Die Beklagten übersehen, dass das Erstgericht den Einwand der mangelnden gesetzlichen Vertretung der Klägerin zurückgewiesen und das Berufungsgericht die von den Beklagten erhobene Berufung wegen Nichtigkeit verworfen hat. Ein solcher Beschluss des Berufungsgerichts ist gemäß § 519 Abs 1 ZPO der Überprüfung durch den Obersten Gerichtshof entzogen (Kodek in Rechberger, ZPO² § 519 Rz 2 mwN).

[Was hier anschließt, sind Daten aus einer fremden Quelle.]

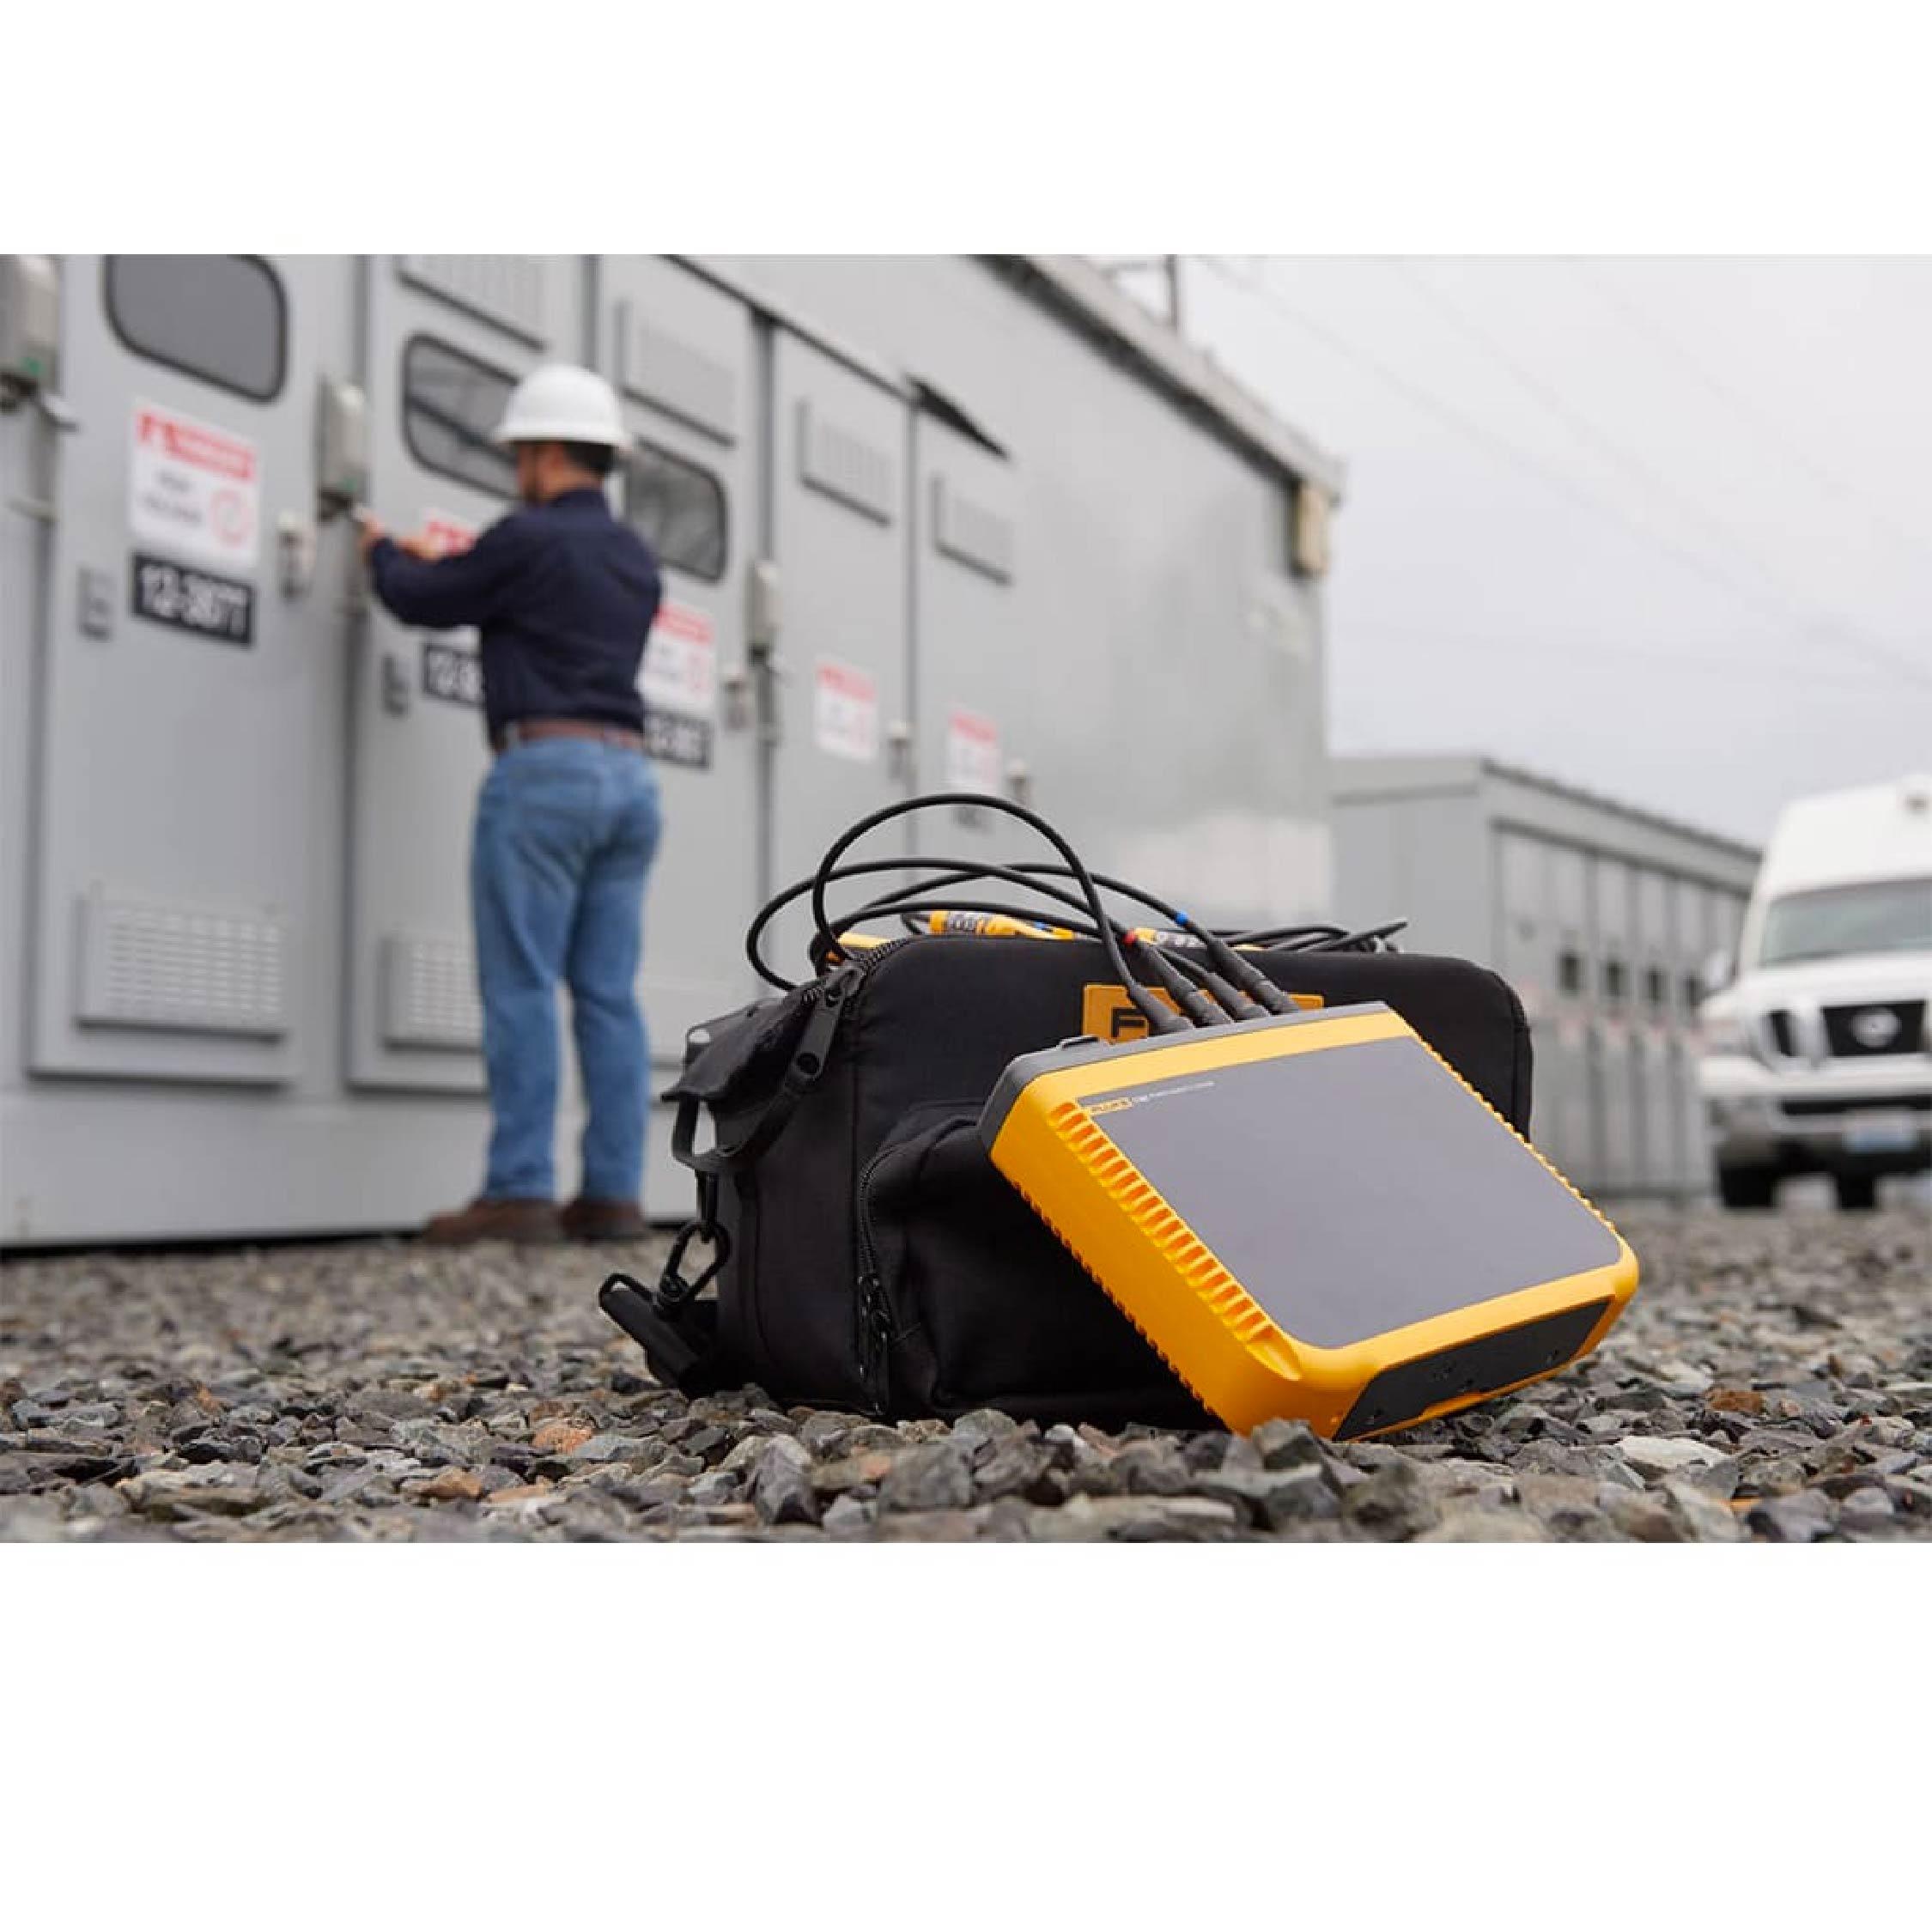 FLUKE 1746-15-INTL - Power Quality Logger w/60 cm 1,500A iFlex, INTL

Die Beklagten machen weiters geltend, dass Rechtsprechung zur Frage fehle, ob im Anwendungsbereich des Medizinproduktegesetzes gesundheitsbezogene Werbebehauptungen - wie im Arzneimittelgesetz - auch dann als irreführend im Sinne des § 2 UWG anzusehen sind, wenn die behaupteten Wirkungen nach dem Stand der wissenschaftlichen Erkenntnis nicht hinreichend belegt sind. Sie verweisen darauf, dass § 102 MPG, anders als § 6 AMG, den Tatbestand einer Irreführung durch die Behauptung einer nicht durch wissenschaftliche Erkenntnis oder praktische Erfahrungen hinreichend belegten Wirksamkeit nicht nennt. Die Beklagten wollen daraus ableiten, dass mit der Wirksamkeit von Medizinprodukten auch dann geworben werden dürfe, wenn diese nicht hinreichend belegt sei.

Ihr Schluss ist nicht gerechtfertigt. Sowohl § 6 Abs 3 AMG als auch § 102 Abs 2 MPG zählen nur beispielsweise ("insbesondere") Fälle auf, in denen eine Irreführung vorliegt. In den EB zum Medizinproduktegesetz (313 BlgNR 20. GP 91) wird ausdrücklich darauf hingewiesen, dass die "vorliegende Regelung ... auf wahrheitsgemäße Angaben und im Hinblick auf den sensiblen Produktbereich auf ein generelles Verbot der Irreführung" abstellt und dass § 102 Abs 2 Beispiele für die Irreführung in den für die Medizinproduktesicherheit besonders wichtigen Bereichen, wie Angaben über Leistungen, Nebenwirkungen und die durch die grundlegenden Anforderungen festgelegten Eigenschaften von Medizinprodukten, anführt.

§ 102 MPG schränkt demnach das allgemeine Irreführungsverbot des § 2 UWG keineswegs ein. Damit ist auch die Irreführung in anderen, im Gesetz nicht ausdrücklich genannten Belangen, wie die über den wissenschaftlichen Nachweis behaupteter Wirkungen, unzulässig. Angesichts der klaren gesetzlichen Regelung vermag das Fehlen höchstgerichtlicher Rechtsprechung keine erhebliche Rechtsfrage im Sinne des § 502 Abs 1 ZPO zu begründen (s Kodek aaO § 502 Rz 3 mwN).